Measuring users progress through the onboarding process looks at each onboarding stage at a time. What a company can glean from these metrics include whether certain steps should provide toolips or maybe there should be a different funnel for certain customers. For example, Customer Cohort A breeze through setting up their account versus Customer Cohort B, who get stuck setting up their account. Down the line, after collecting enough onboarding metrics, project managers could test creating a separate funnel for Cohort B customers. 

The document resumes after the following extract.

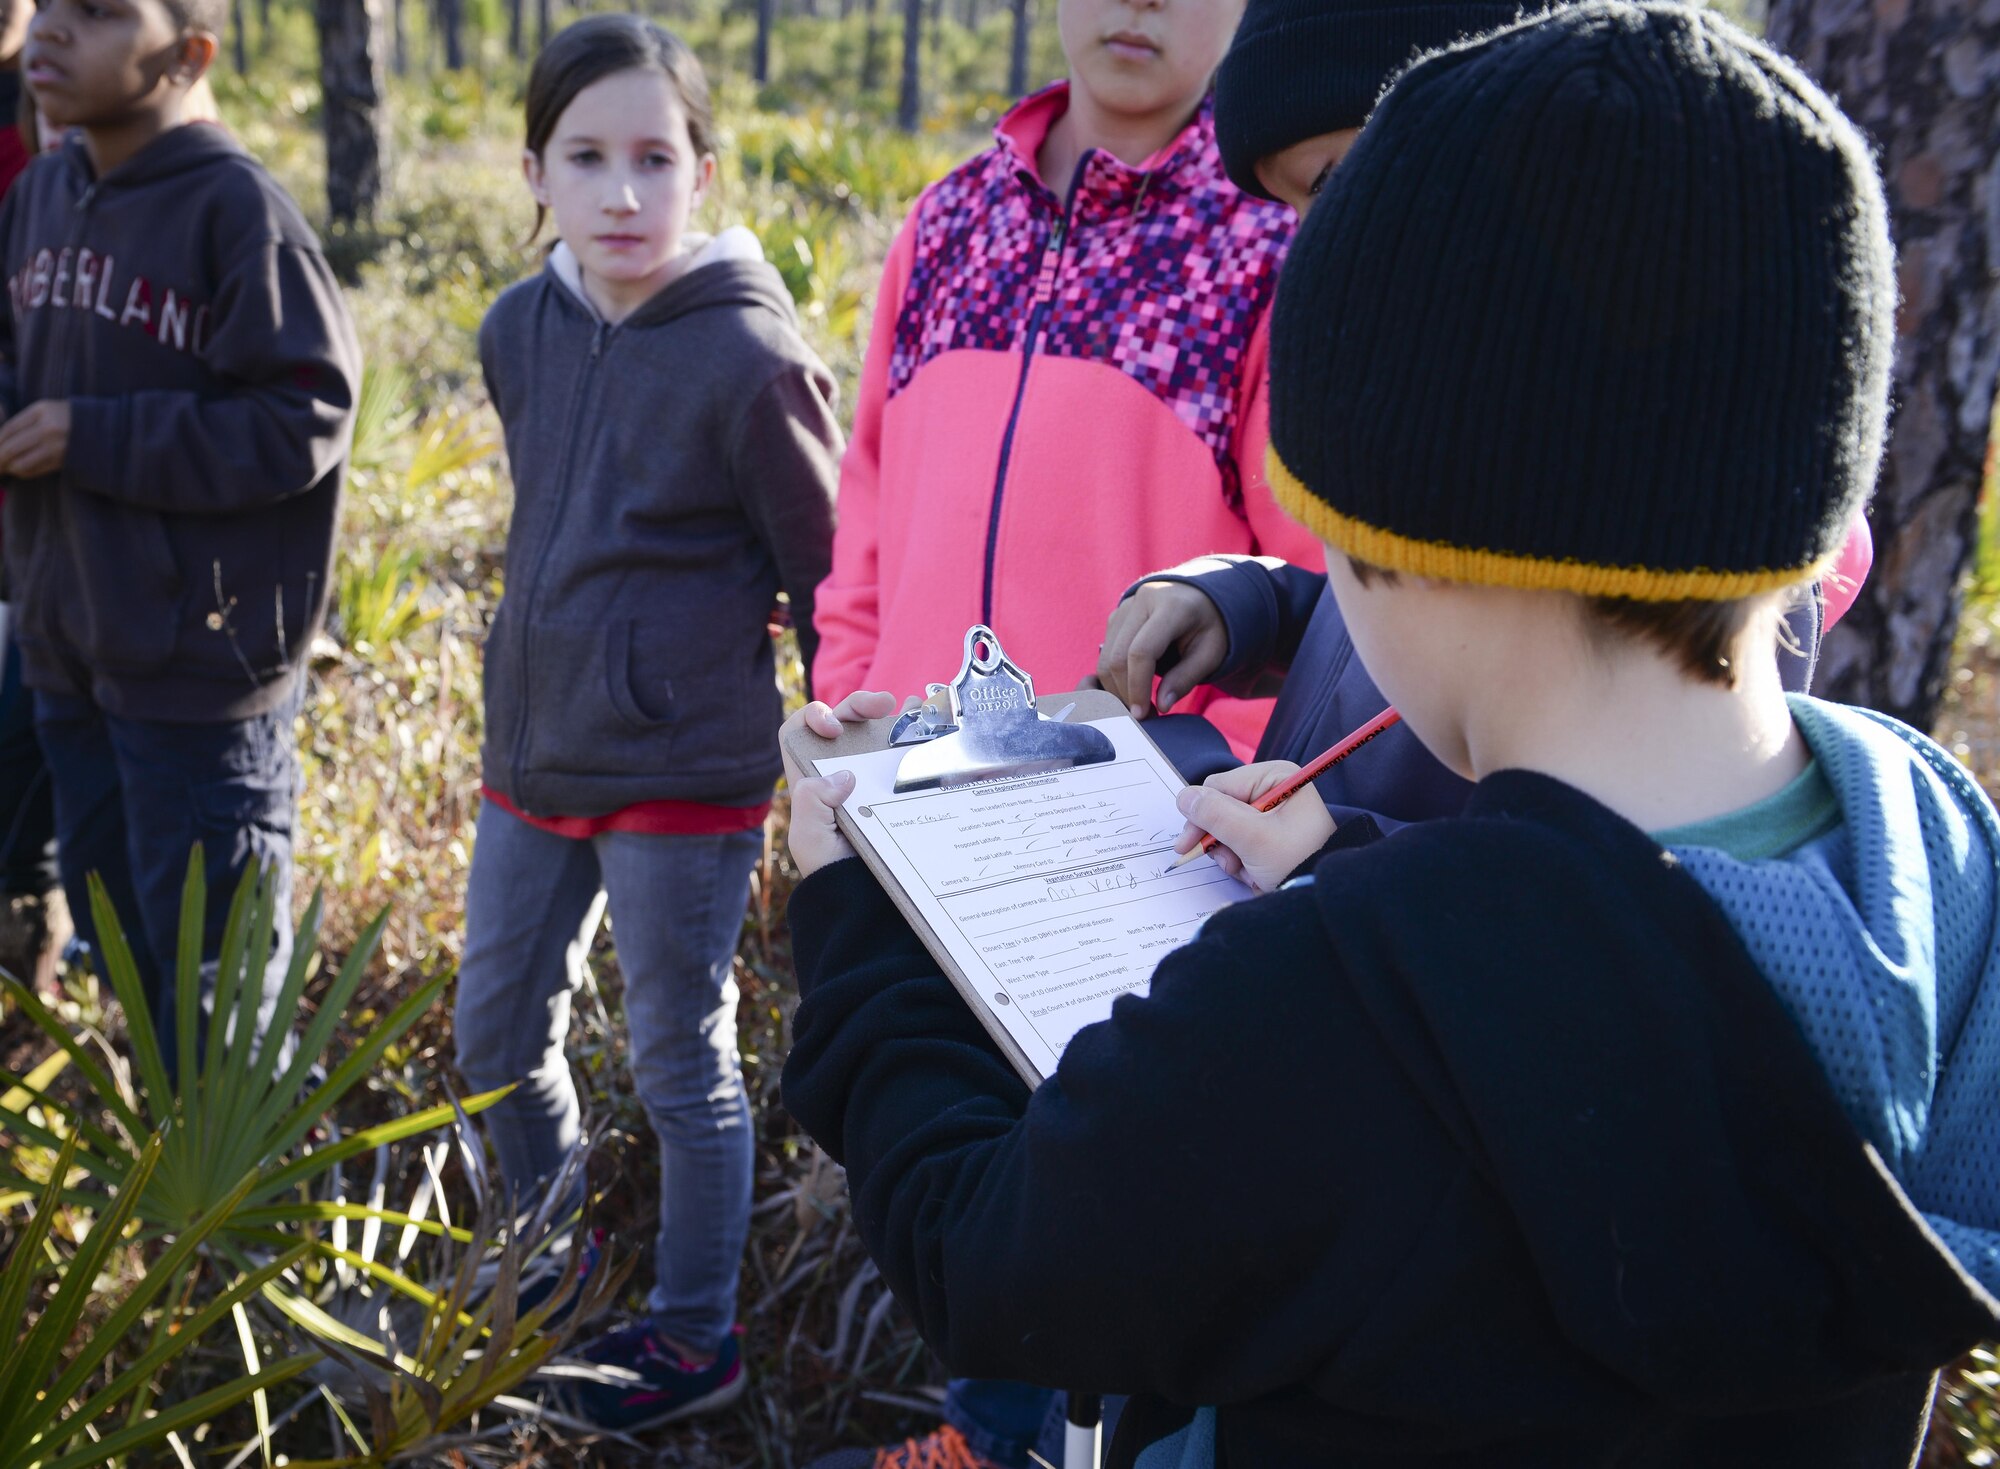 A child from Hurlburt's youth group fills out a list at Hurlburt Field, Fla., Feb. 5, 2015. While searching for the cameras, the children are taught about cardinal directions, vegetation identification, hydrologic indicators, wildlife signs and more. (U.S. Air Force photo Senior Airman Meagan Schutter/Released)

Trends like these will start emerging after collecting user onboarding metrics.

Customer Response

Customer experience ranks as one of the most crucial measurements to track. That’s because customer experience is the ultimate deciding factor for most users. According to PWC.com, users won’t tolerate a negative encounter with a product. In 2018, the company published a report saying, “One in three consumers (32%) say they will walk away from a brand they love after just one bad experience.” 

So it’s important to provide users plenty of ways to get help—and especially in ways that appeal to different types of users. Some consumers prefer a DIY approach and are satisfied using FAQs, wikis, and an automated resolution bot. Some customers need a lot more hand-holding, like live chats and customer service calls. 

Response Time

There’s no splitting hairs about this point. Customers simply won’t stick around if they get stuck and can’t figure out how to fix the problem quickly. Like speed-of-light fast. When customers’ complaints are resolved in under five minutes, they’re more likely to stick around, according to Harvard Business Review. And once that happens, they’ll pay even more than they had originally planned. 

So tracking response time is important because once a user hits a roadblock and is delayed for five minutes, the risk of losing that customer skyrockets by the second.

Product Adoption

Finishing the onboarding journey isn’t a guarantee that users will adopt the product. In fact, most apps only retain about 20% of new customers, according to Andrew Chen, user growth expert and VC. “The average app, says Chen, “mostly loses its entire user base within a few months.” 

These numbers aren’t very promising, but it gives company’s something specific to aim for. But no matter the actual product adoption rate, product managers should always work toward minimizing stickiness in the onboarding funnel. Companies can do this using their user onboarding metrics to identify actionable insights that improve the customer experience.